Between 1961 and 1974, an English man named Stanley Rous was the President of FIFA. Rous was the sixth person to have the honour of serving in the role – perhaps unsurprisingly the sixth European and indeed the third Englishman. Rous was the man who brought the insular Great Britain back into the focus of the world. Despite inventing the sport in the 1800’s and their dominance well into the 1920’s, England refused to compete in a World Cup until 1950 due to a strained relationship with FIFA, which was patched up by Rous himself. A seemingly strong CV for FIFA presidential candidacy.
There have been only two FIFA presidents since Rous, and both have had to struggle with the difficulties created under Rous’ 15 year stewardship of football’s governing body. An organisation that was already deeply Eurocentric when Rous took over the reins, his well-documented support for apartheid Rhodesia and South Africa severely strained the relationship with Asian and African football confederations.
From Rous followed the much-maligned presidencies of Brazilian João Havelange, and the notorious incumbent Sepp Blatter. The canon in western media is that Havelange and Blatter’s presidencies are mired in corruption and ineptitude. To an extent this is very true – Blatter’s role in allowing rampant corruption to infiltrate the sport is damaging. Calls for his resignation on these grounds have been persistent in the media over the past decade, coming to a head earlier this year.

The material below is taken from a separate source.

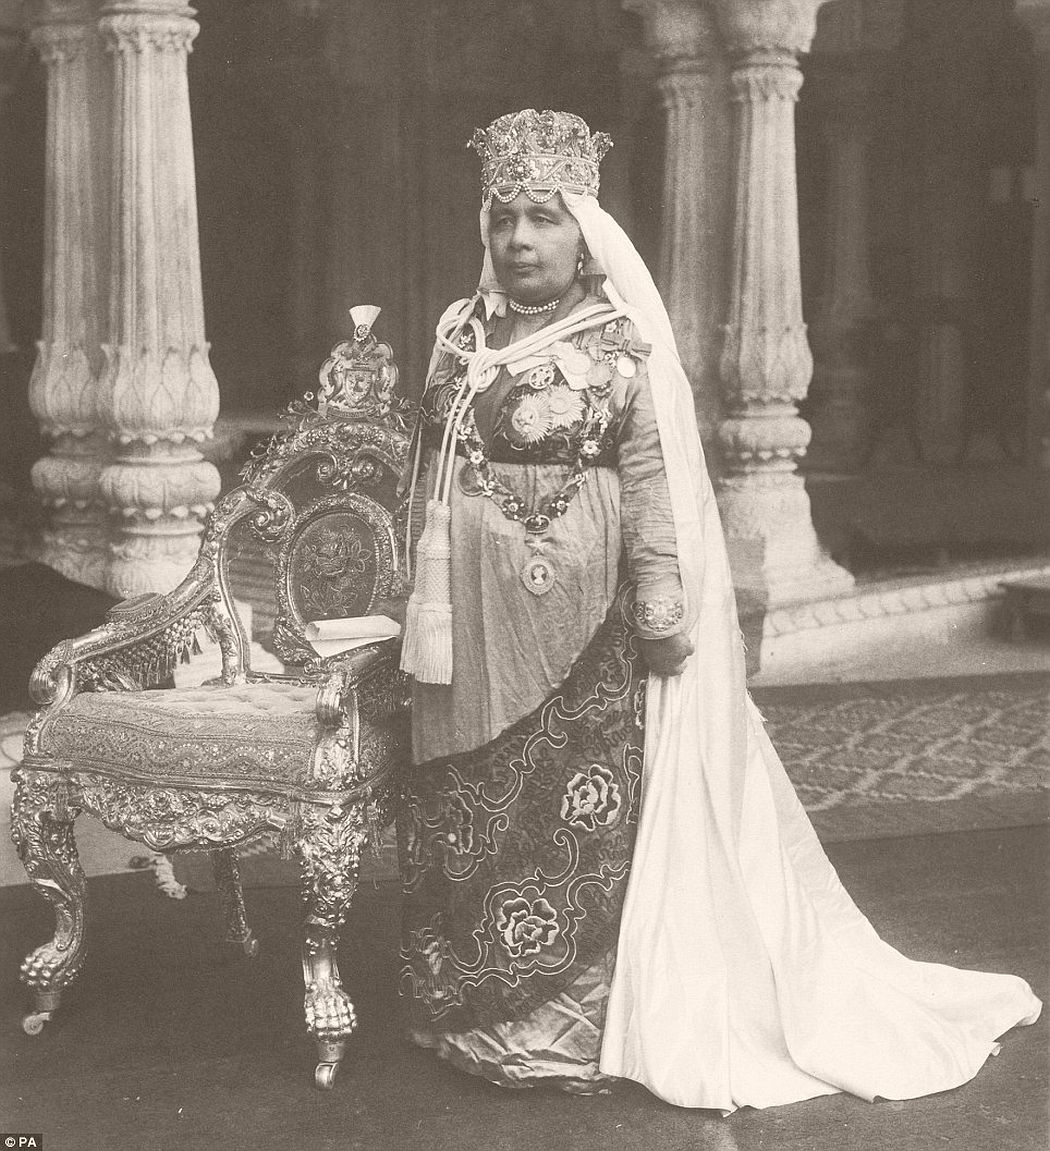 Nawab Sultan Kaikhusrau Jahan, Begum of Bhopal in 1922. She is seen here in full state dress in her palace in Bhopal, India.

In response, Blatter finally announced his impending resignation in June, arguing that “profound reform” was needed in the organisation he holds “very dear”. But too much of the criticism levelled in the British, American and indeed Australian press about Blatter’s presidency blatantly ignores the difficult situation FIFA has been in since Rous’ presidency finished. Havelange and Blatter focussed a large part of their presidencies rewriting the wrongs of the euro-centric control of the game under Rous.
To non-western media, Blatter is in fact considered to be one of the few men of great power to genuinely give opportunities to the developing world. By giving Africa the opportunity to host a world cup through his policy of continental rotation, Blatter won many admirers. He built upon the legacy of his predecessor Havelange, who drew the ire of European football associations during his presidency for the decision to expand the World cup from 24 to 32 competing states, thus reducing the percentage of European Teams competing. This ire is the root of the vitriol levelled at Blatter
Nowhere is this more evident than in the way developing states have been scapegoated for FIFA’s problems. For instance, at FIFA’s congress, all member states are given equal standing. This prompts significant criticism from those who don’t believe that Guinea-Bissau should have the same level of influence as, say, Germany. So believes English FA head Greg Dyke, who stated earlier this year that Western administrators have a “different set of values” compared to those from Africa, where politicians prefer to “look after their families”.
This is not only a deeply stigmatic profile of the continent, but also exasperatingly ignorant. It smells distinctly of the sort of neo-colonialist rhetoric that once defined the approach Rous took to African football administrators during his time at the helm. This is a large part of why member state associations are so sceptical every time the West calls foul over Blatter or the FIFA executive.
Moving forward, member states on all sides need to recognise this clear disconnect which divides world football in two. Highly reflective of world politics generally, the belief that the global south will be corrupt with power is dangerous, particularly when the West’s own house is barely in order. For Western Europe to attempt to dictate terms would be disastrous for the organisation, but so too is the status-quo of unchecked power and lack of transparency across the board. For all of Blatter’s numerous failings, the gradual hacking away at Euro-centrism ought to be respected, and any reform process must keep this principle of globalising the game at its core.